Among the strategic factors assessed,market environment had the least influence on the accessibility of ACTs in hospitals, with a global weight of 0.068. Although the CR for thus dimension was acceptable (below 10%, (Table 6), the results indicate that market forces have less prediction towards the availability of drugs. Market environment was measured using information sharing with suppliers (ISS), partnership training (CP), SC interdependence with suppliers (SCI) and relationship between lower health units (RH) (Table 7). Among these, RH and CP factors had the least significant effect towards the availability of malaria therapies in hospitals. Together, these two sub-factors accounted for less13% of the total weight in this dimension. Given their low relative influence and statistical insignificance, further discussion of market-related factors was not pursued in the analysis. However, it remains important to note that while market dynamics may currently play a limited role, strengthening supplier relationships and inter-agency collaboration could support long-term improvements in supply chain resilience.

Table 6.

Raw and normalize data for market dimension sub-factors.
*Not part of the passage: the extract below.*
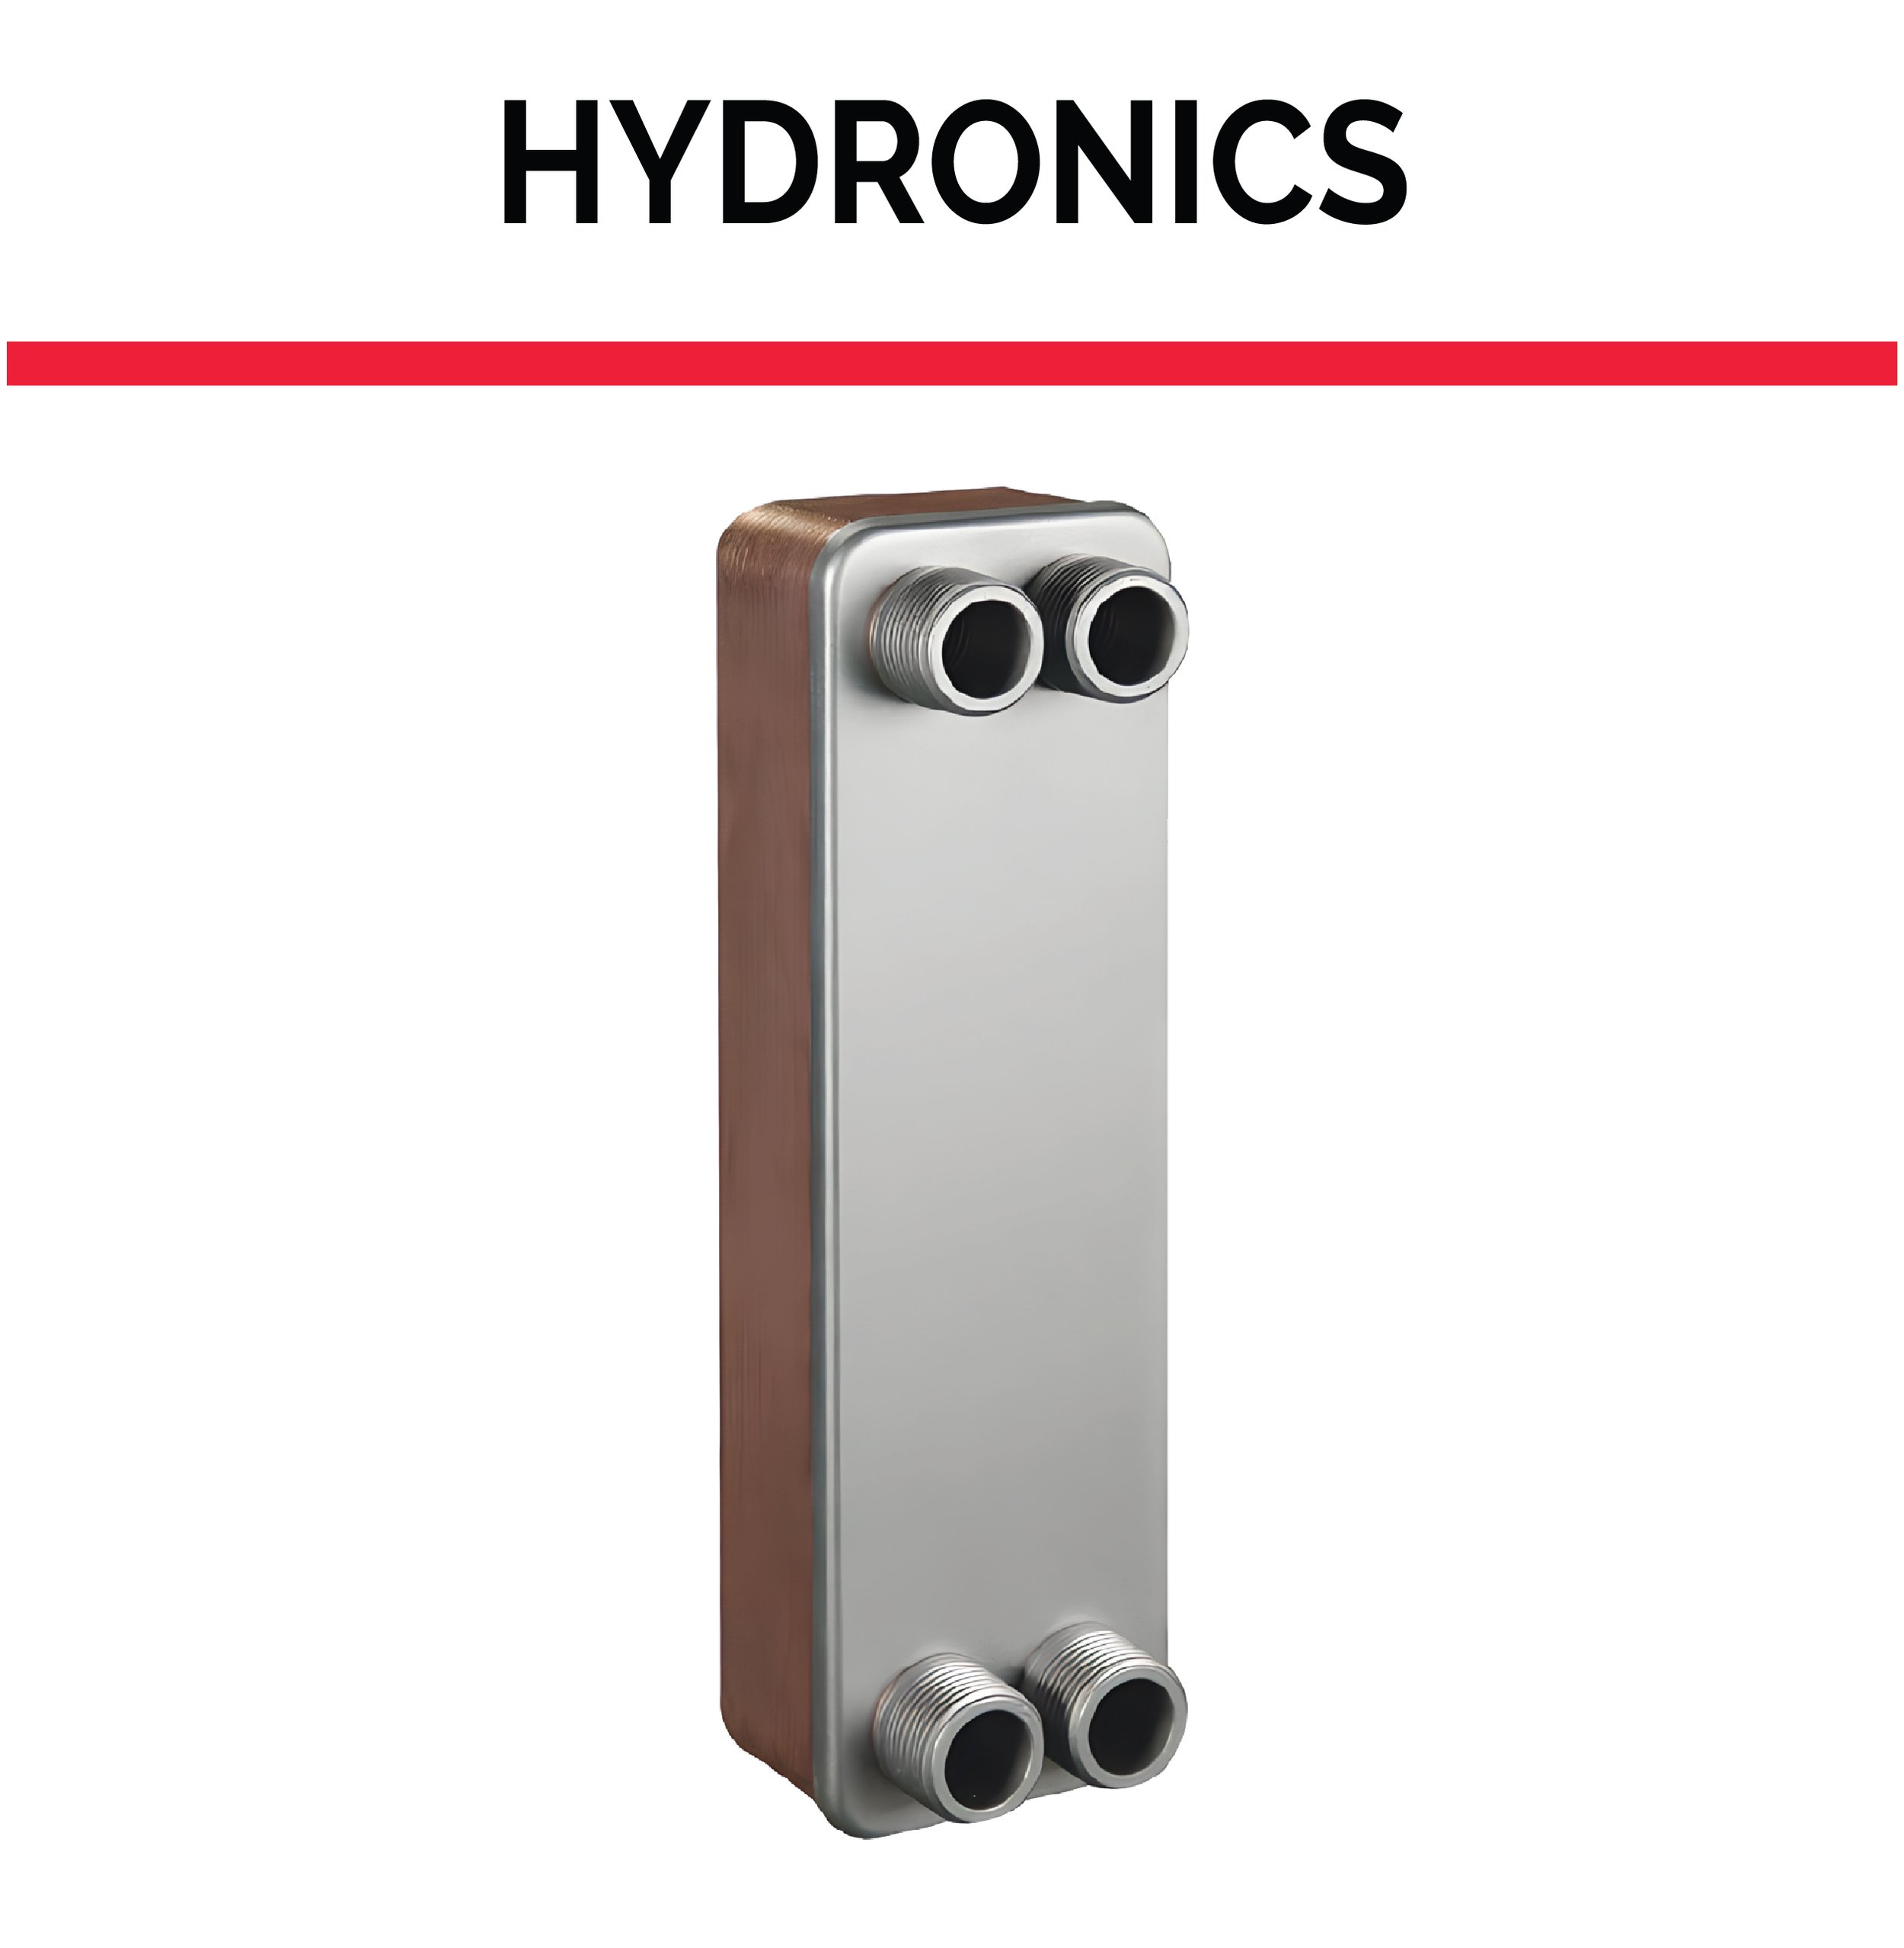 Hydronics.jpg

Market coordination factor		RH	ISS	SCI	CP	Weight
Raw	RH	1.000	0.103	0.185	0.398
	ISS	9.709	1.000	2.570	7.240
	SCI	5.405	0.389	1.000	8.000
	CP	2.511	0.138	0.125	1.000
NormalizedCR = 0.08	RH	0.0537	0.0632	0.0477	0.0239	0.0487
	ISS	0.5213	0.6134	0.6624	0.4351	0.5662
	SCI	0.2902	0.2387	0.2577	0.4808	0.3059
	CP	0.1348	0.0847	0.0322	0.0601	0.0792

Table 7.

Weights for market environment sub-factors.

	Sub-factor description	Local weight	Global weight
Information sharing with suppliers, MoH, Donors		0.558	0.038
ISS 01	Online sharing of information enhances ACT availability	0.547	0.021
ISS 02	Regular exchanges of information using hard copies of reports	0.204	0.008
ISS 04	Sharing of weekly or monthly reports with other stakeholders	0.093	0.004
ISS 05	Holding of quarterly meetings with external stakeholders	0.156	0.006
SC interdependence with suppliers		0.317	0.021
SCI 02	Regular meetings with the supplier	0.078	0.002
SCI 04	Use of personal phone calls with NMS	0.234	0.005
SCI 05	Routine regional monitoring with stakeholders	0.552	0.012
SCI 06	Evaluation meetings with supplier	0.136	0.003

Macro-environment

Macro-environment involves factors that are beyond the organization’s control; these factors are so dynamic with little prediction – they are external forces that affect the presence of ACTs. Regardless of the turbulence of these factors, the organization in charge of ACTs’ supply and distribution need to be aware and understand them; this can be achieved through external analysis of the environment. Macro-environment mainly focuses on political, economic, social, technological and legal environment – specifically, culture change, interest rates, weather, demographic and government regulations. The assessment of these factors helps to unveil the future threats and possible opportunities⁶⁹ while trying to make ACTs available to the last person. From the study, social-culture (SC) factors have the highest impact (0.484) towards the availability of ACTs in Uganda, followed by the economic factors (EF) (0.278). Technological factors (TFs) influence the accessibility of malaria therapies by 0.126, while legal factors (LF) have a weight of 0.077 (Tables 8 and 9).

Table 8.

Raw and normalize data for macro-dimension sub-factors.

Macro coordination factor		LF	SC	EF	TF	PF	Weight
Raw	LF	1.00	0.14	0.20	0.50	4.00
	SC	7.00	1.00	4.00	3.00	8.00
	EF	5.00	0.25	1.00	4.00	7.00
	TF	2.00	0.33	0.25	1.00	4.00
	PF	0.25	0.13	0.14	0.25	1.00
Normalized CR = 0.09	LF	0.066	0.077	0.036	0.057	0.167	0.077
	SC	0.459	0.540	0.715	0.343	0.333	0.484
	EF	0.328	0.135	0.179	0.457	0.292	0.278
	TF	0.131	0.180	0.045	0.114	0.167	0.126
	PF	0.016	0.068	0.026	0.029	0.042	0.036

Table 9.

Weights for the macro-environment sub-factors.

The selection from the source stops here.